Consider an array A[] which can contain non distinct integers, how can I find the shortest range which covers all the elements present in the array?
考虑一个可以包含非不同整数的数组A [],如何找到覆盖数组中所有元素的最短范围?
A[] = 7 3 1 7 3 1 3 4 1
index= 0 1 2 3 4 5 6 7 8
Elements in the range [3,7] form the shortest range present in the array.
Hence the answer must be 5.
How can I solve this problem using double pointer?
P.S.:This question is not from any live contests.

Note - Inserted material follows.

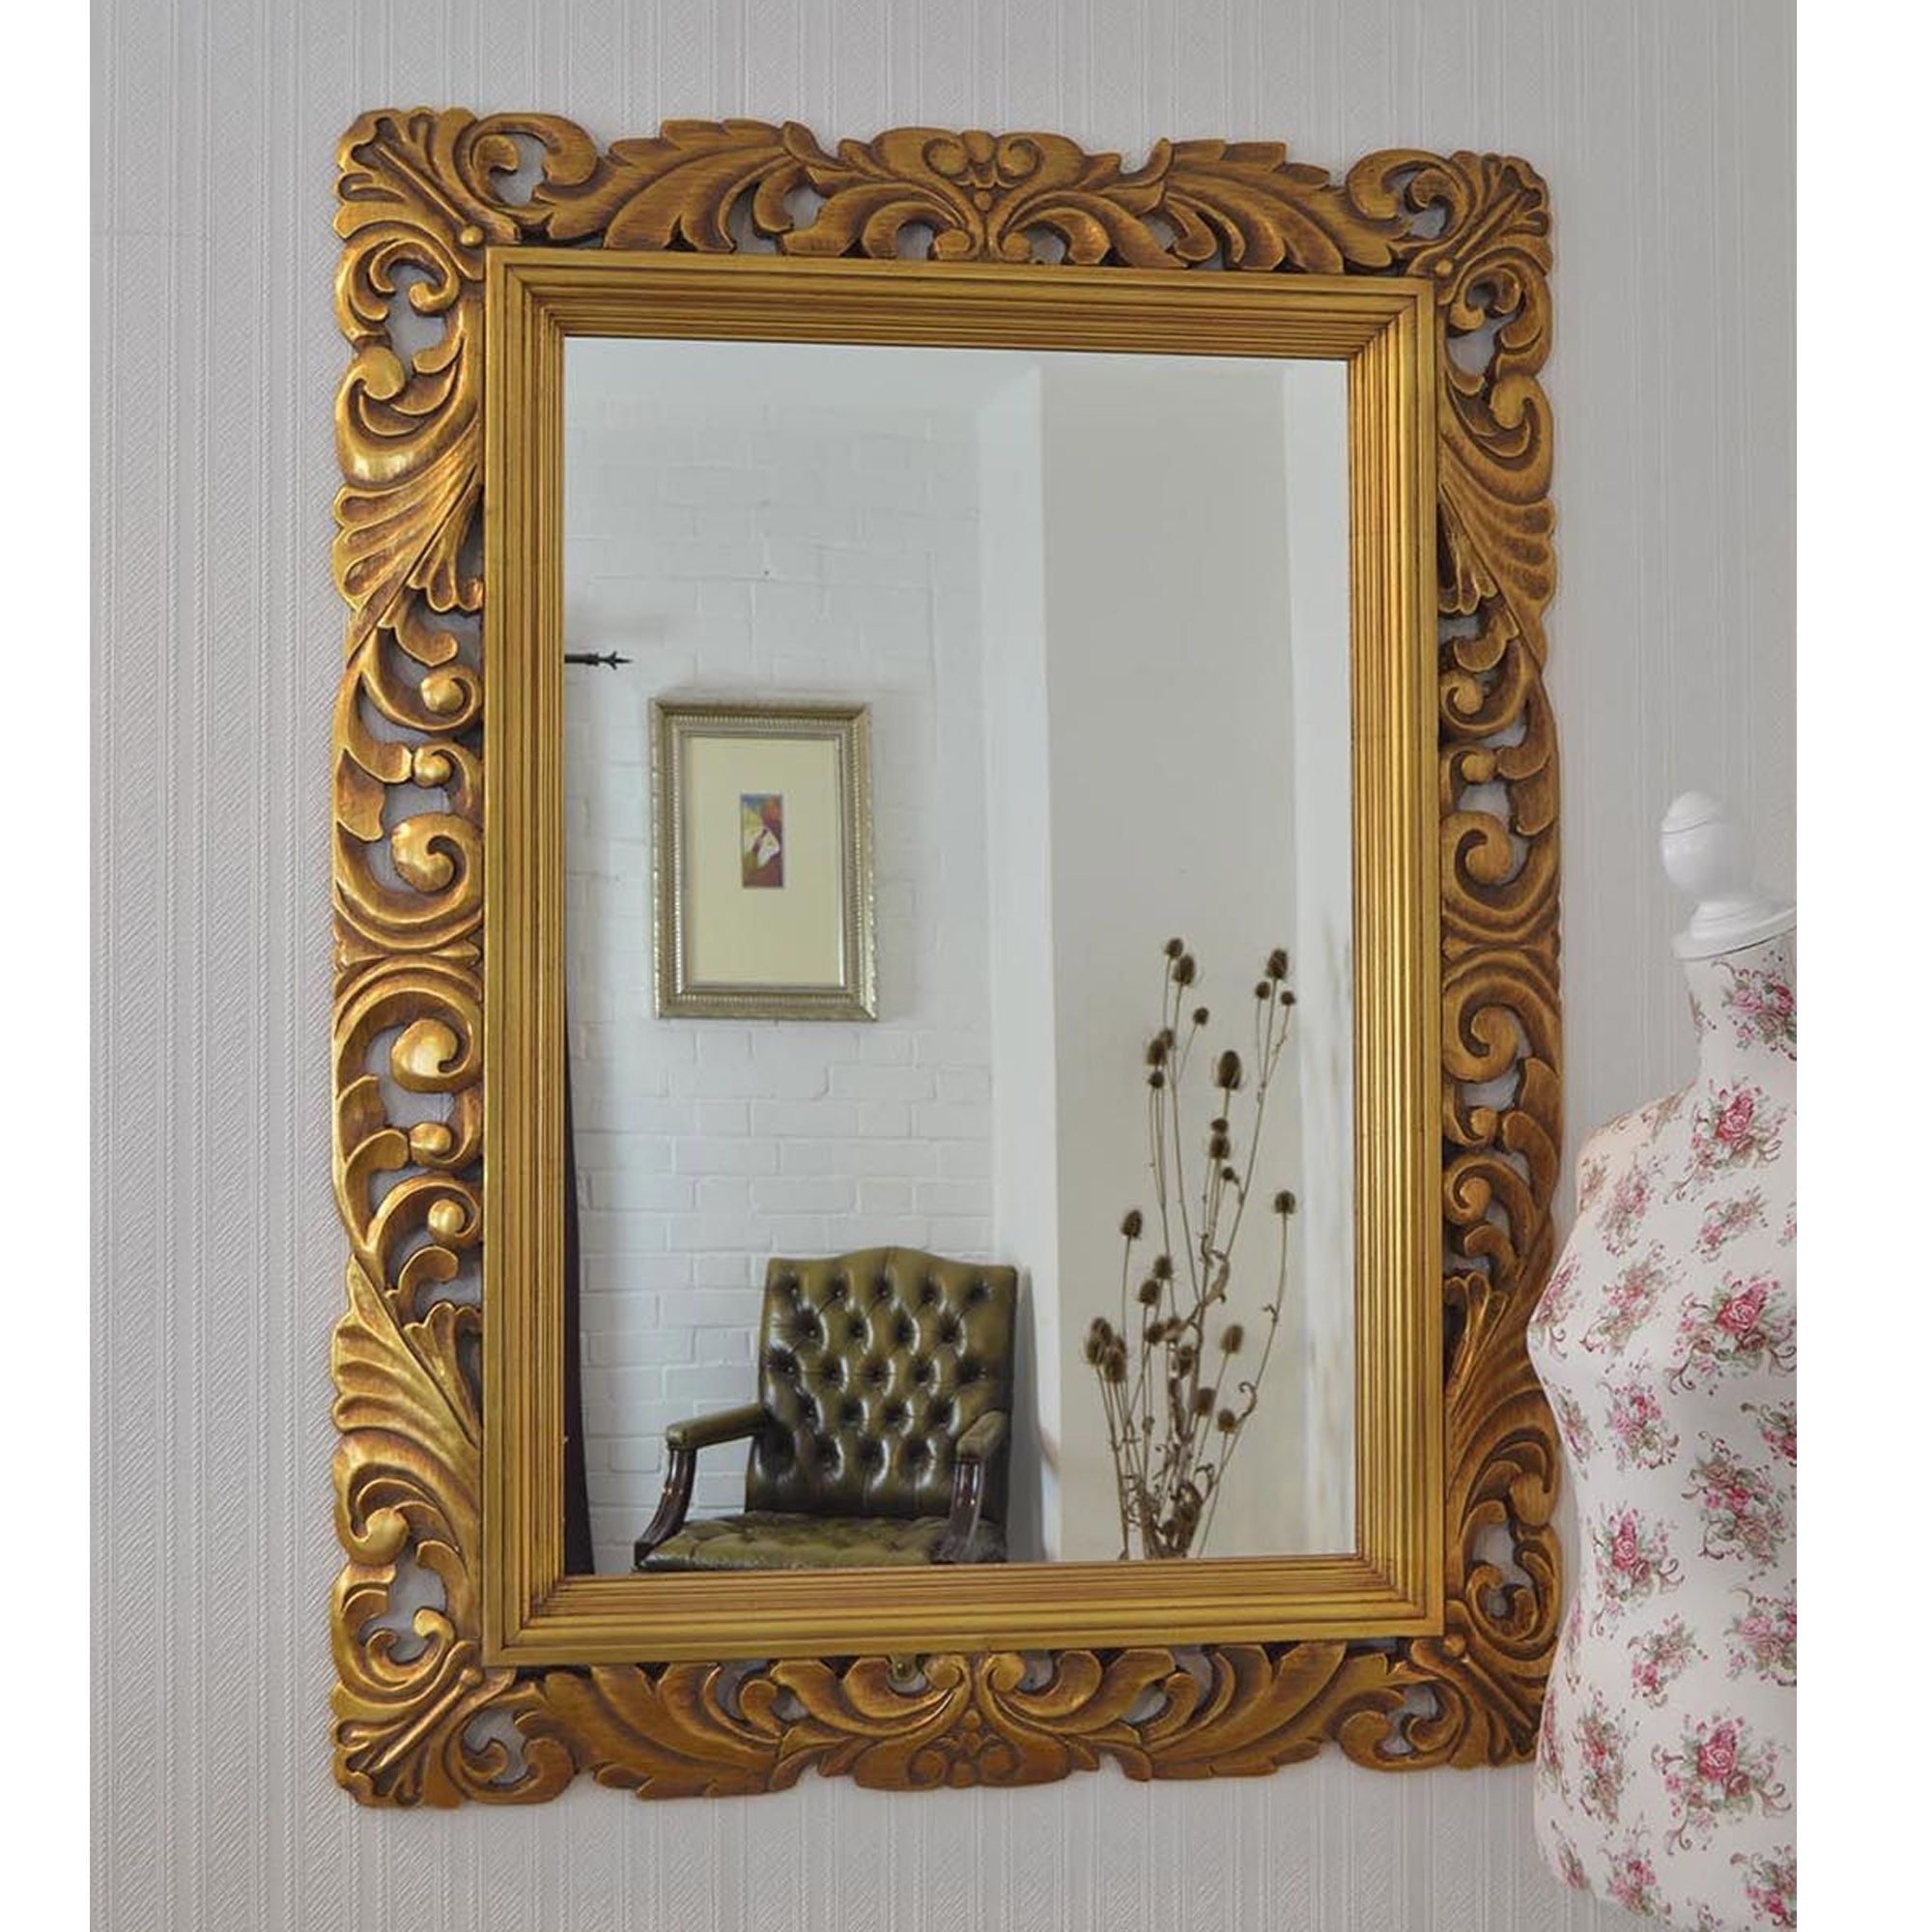 Ornate Framed Gold Antique French Style Wall Mirror – French Mirrors Throughout Antiqued Glass Wall Mirrors (View 1 of 15)

My try: I had taken a variable len which i would vary from 1 to length of array and for each len check whether it covers all the elements or not.
范围[3,7]中的元素形成阵列中存在的最短范围。因此答案必须是5.如何使用双指针解决此问题? P.S .:这个问题不是来自任何现场比赛。我的尝试:我已经采用了一个变量len,我将从1到数组的长度变化,并且每个len检查它是否覆盖所有元素。
1 个解决方案
#1
2
Let's array length be N and the number of distinctive elements be K, K<=N. Let's assume the values are 0, 1, ..., K-1. (We can sort all elements, then replace elements with minimum value with 0, elements with second minimum value with 1, etc., then put them back to the original positions. It requires O(N*log(N) complexity.)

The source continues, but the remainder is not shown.